Ironically, thanks to the ongoing evolution of the two parties, there is a scenario where elements of both could join together to do just that. Among Democrats, notables like Elizabeth Warren have predicted economic doom as a result of crypto. My colleague Zachary Warmbrodt reported back in March about tensions between her group of mostly older, left-leaning Democratic crypto skeptics and younger Democratic colleagues like the letter signatories. And emerging elements of the GOP have also turned against the casino-ification of the economy. At the hearing last week, Kansas Senator Roger Marshall, a conservative who voted against certifying the 2020 election, came out swinging against crypto.

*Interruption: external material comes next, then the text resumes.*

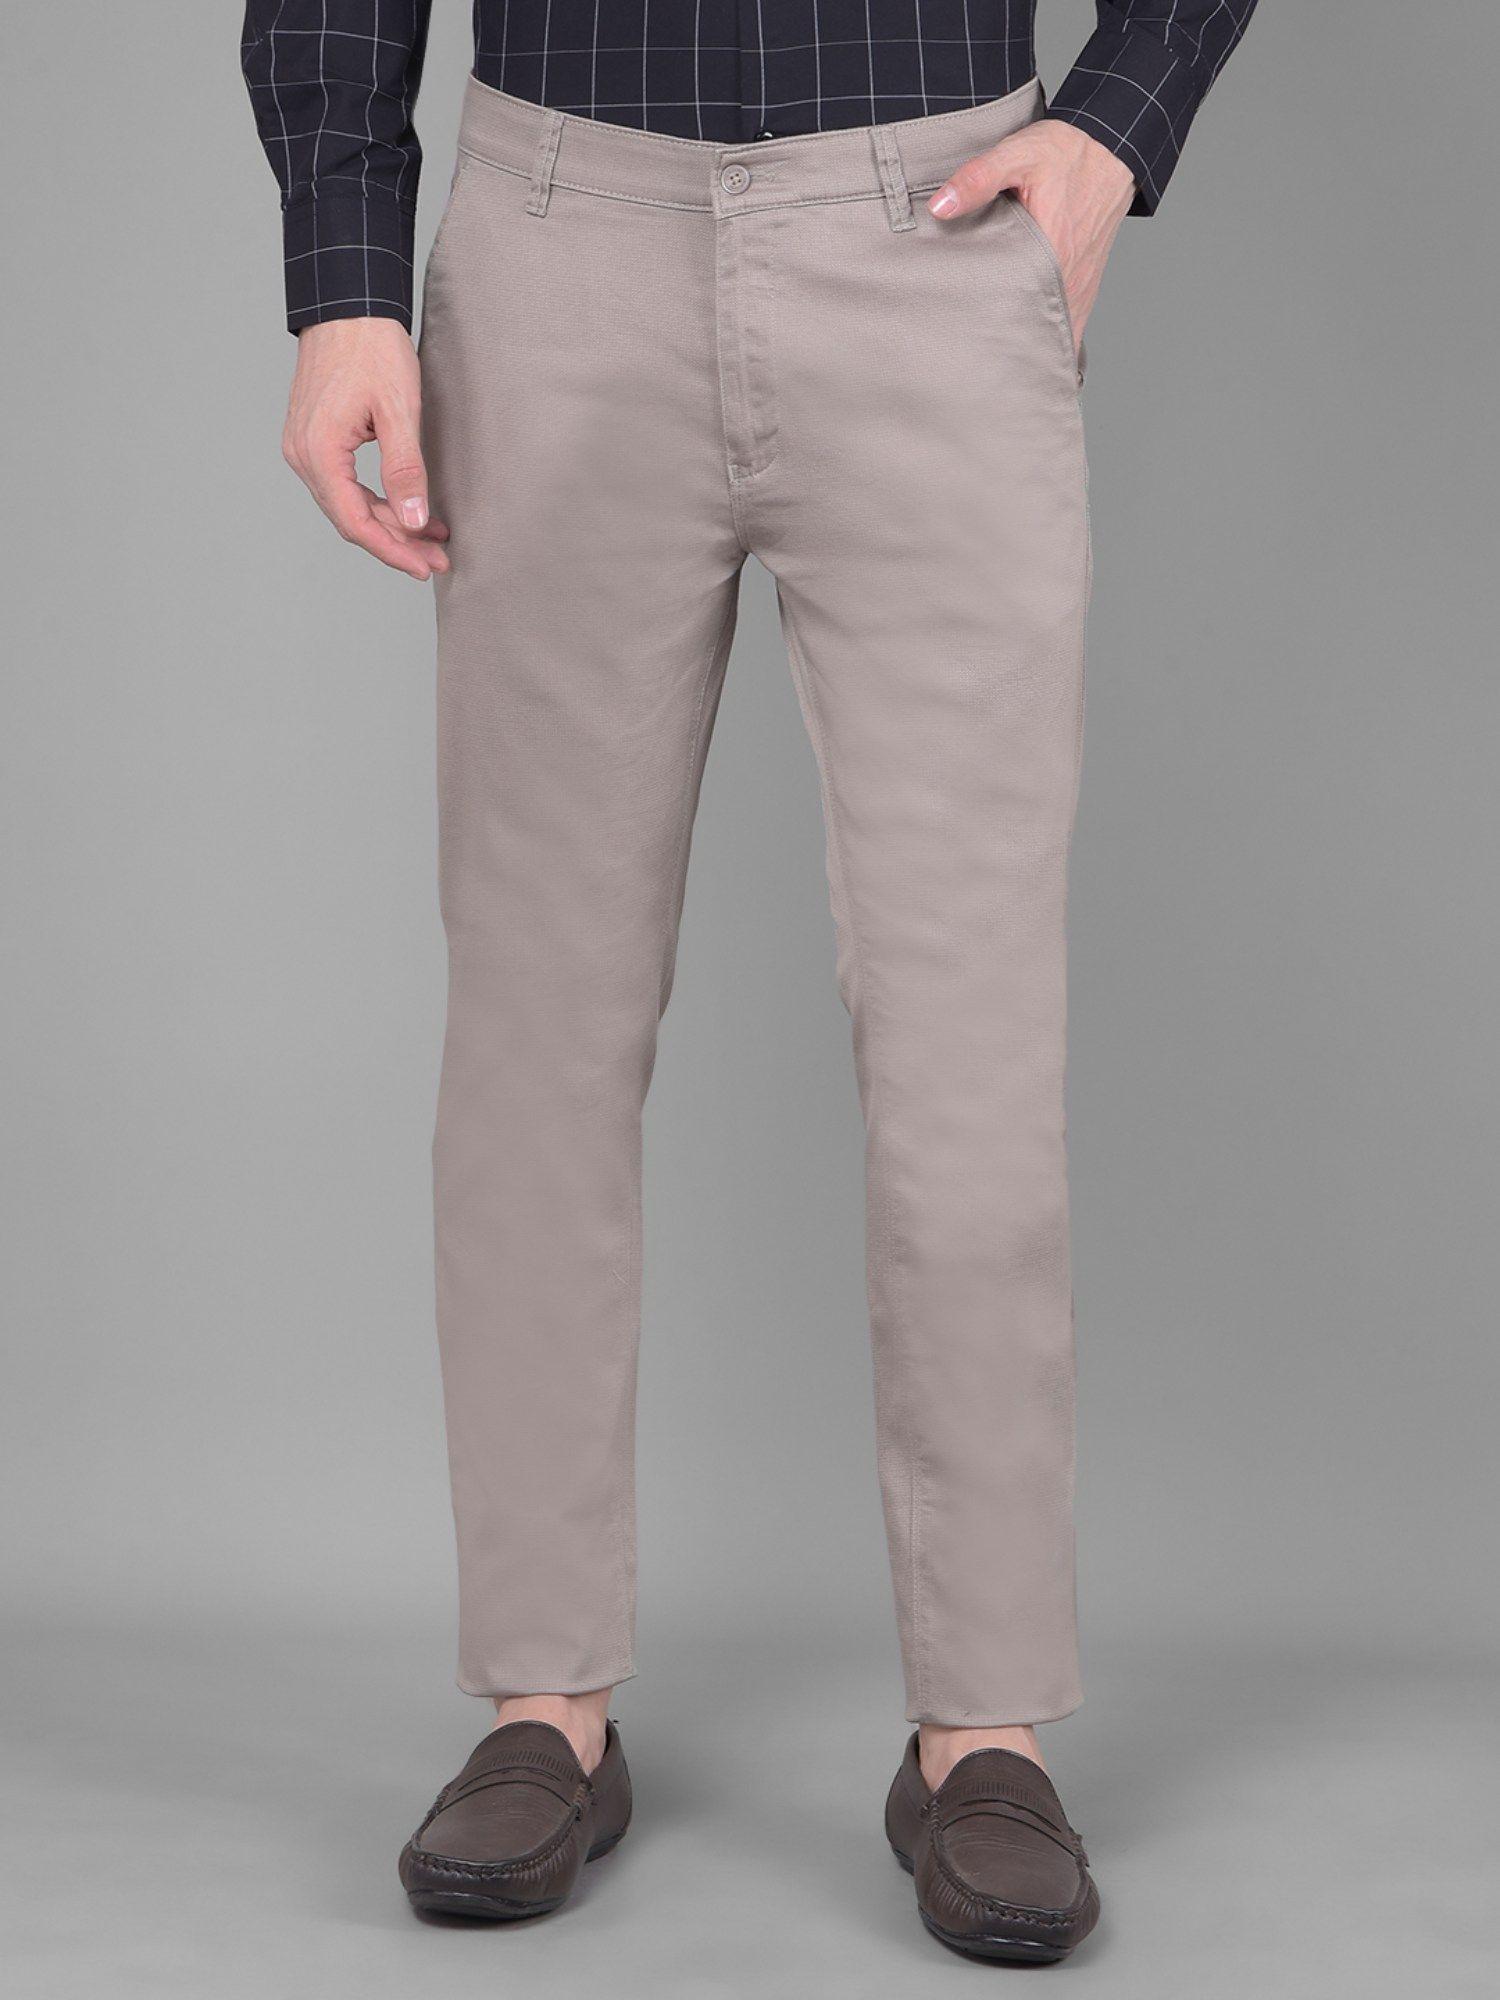 Mens Grey Self Design Trouser
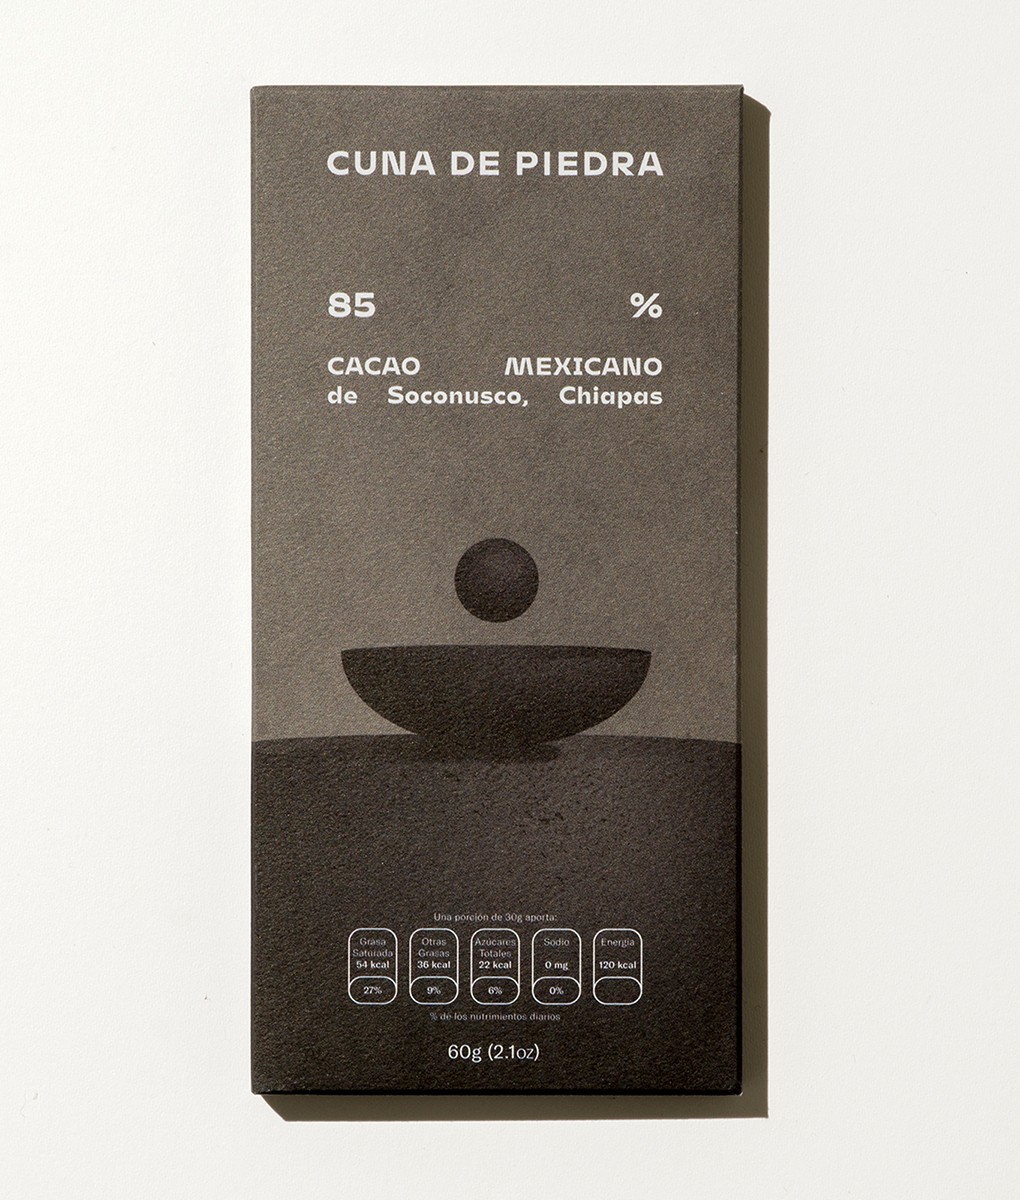 CUNA De PIEDRA | Schokolade »Mexican Soconusco Chiapas« 85% | 60g

When I asked him about the issue, Oren Cass of American Compass, a think tank devoted to reforming markets from the right, put his feelings thusly: “Free markets aren’t enough — public policy must prevent senseless financialization of the economy and ensure that our markets are productive ones.”
But right now, the absence of partisan advantage still makes it feel like a car with no gas in the tank.
It’s a notable difference from the bipartisan fallout from the Keating Five, the group of senators accused of intervening improperly in the regulation of a politically connected savings and loan. Bartlett Naylor of Public Citizen, who was an investigator with the Senate Banking Committee at the time, said the shame felt by John McCain about his role pushed him toward a reformist political stance. “Among the positive byproducts of the Keating Five scandal is that John McCain went from your standard bad Republican on banking to one of the outstanding reform guys on banking,” he says. “He saw Jesus.”
For their part, members of the Blockchain Eight don’t seem to be acting as if their warmth towards the industry is a political liability that requires a visit with the almighty. In a letter this week to the U.S. Comptroller General, Torres sharply criticized the SEC…for not watchdogging hard enough. “If the SEC had done the due diligence of thoroughly investigating the financials of FTX, there would have been a greater likelihood of exposing the crypto exchange for what it truly is: a house of cars built on monopoly money printed out of thin air,” he wrote.